Example Analysis

Table of Contents

MAPLE utilizes a set of correlated instrumental SNPs and self-adaptively determines the sample structure as well as multiple pleiotropic effects, both of which are commonly encountered in MR analysis. MAPLE can be used straightforward regardless of the proportion of sample overlap between the exposure GWAS and the outcome GWAS, which first accurately estimates the error matrix parameter using data from genome-wide summary statistics, then places the inference of the causal effect into a likelihood framework, accompanied by a scalable sampling-based algorithm to obtain calibrated p-values. This tutorial is the example analysis with MAPLE. Before running the tutorial, make sure that the MAPLE package is successfully installed. Please see the link for the installation instructions. The example data for the tutorial can be downloaded in this link.

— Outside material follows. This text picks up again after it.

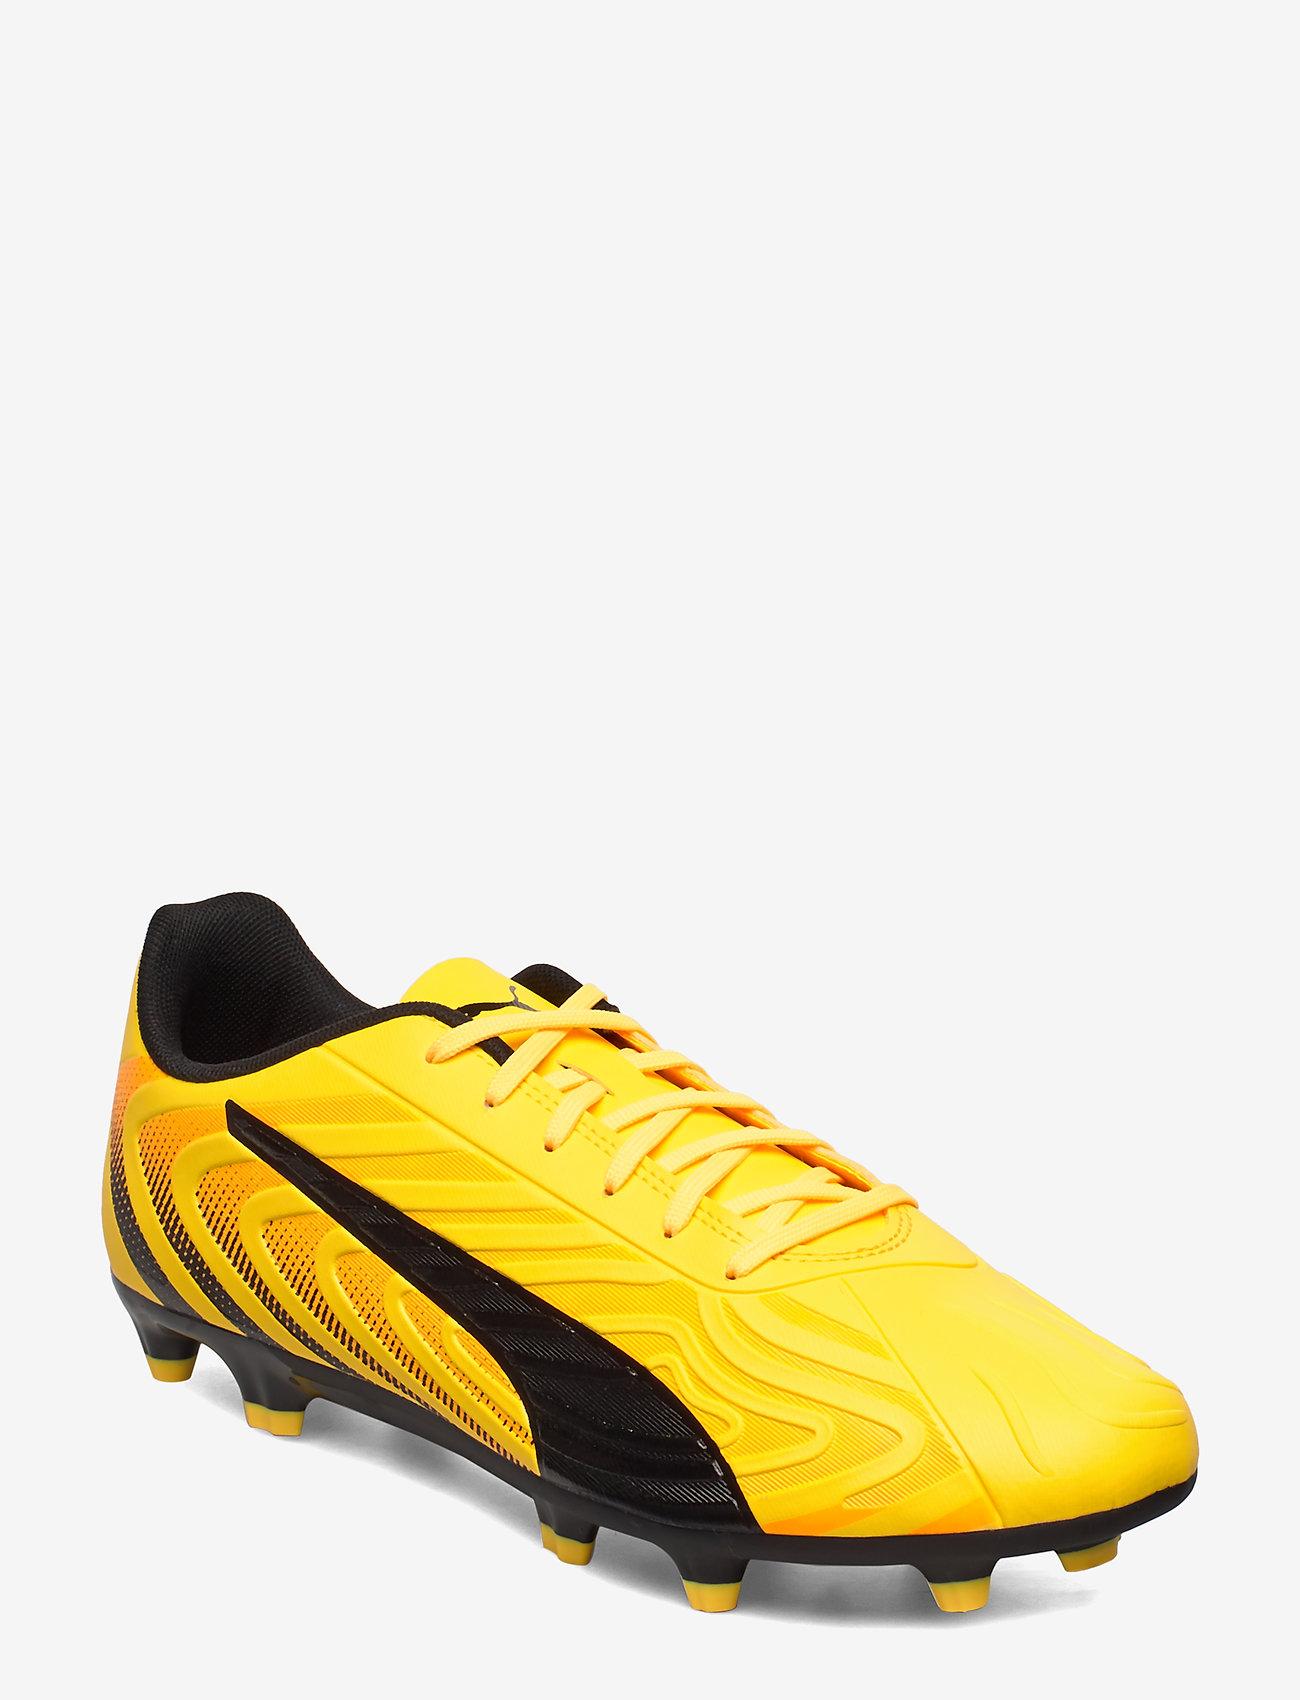 PUMA - PUMA ONE 20.4 FG/AG - jalkapallokengät - ultra yellow-puma black-orange aler - 0

A simulated data example #

We conducted the null simulations based on the realistic genotypes from UK Biobank n1 = n2 = 20,000 on chr 1.

Step 1: Estimation of error matrix parameter #

The function est_SS can estimate the parameter Ω using to account for sample structure (e.g., population stratification, cryptic relatedness, and sample overlap). We used 20.03 seconds on Windows 11 in this step.

library(Rcpp)
library(RcppArmadillo)
library(RcppDist)
library(magrittr)
library(data.table)
library(MAPLE)
#load the summary data for exposure and outcome
exp = fread(paste0("betax.assoc.txt"),head=T)
exp_raw = exp[,c("rs","beta","se","af","allele1","allele0","p_wald","n_obs")] 
colnames(exp_raw) = c("SNP","b","se","frq_A1","A1","A2","P","N")
out = fread(paste0("betay.assoc.txt"),head=T)
out_raw = out[,c("rs","beta","se","af","allele1","allele0","p_wald","n_obs")] 
colnames(out_raw) = c("SNP","b","se","frq_A1","A1","A2","P","N")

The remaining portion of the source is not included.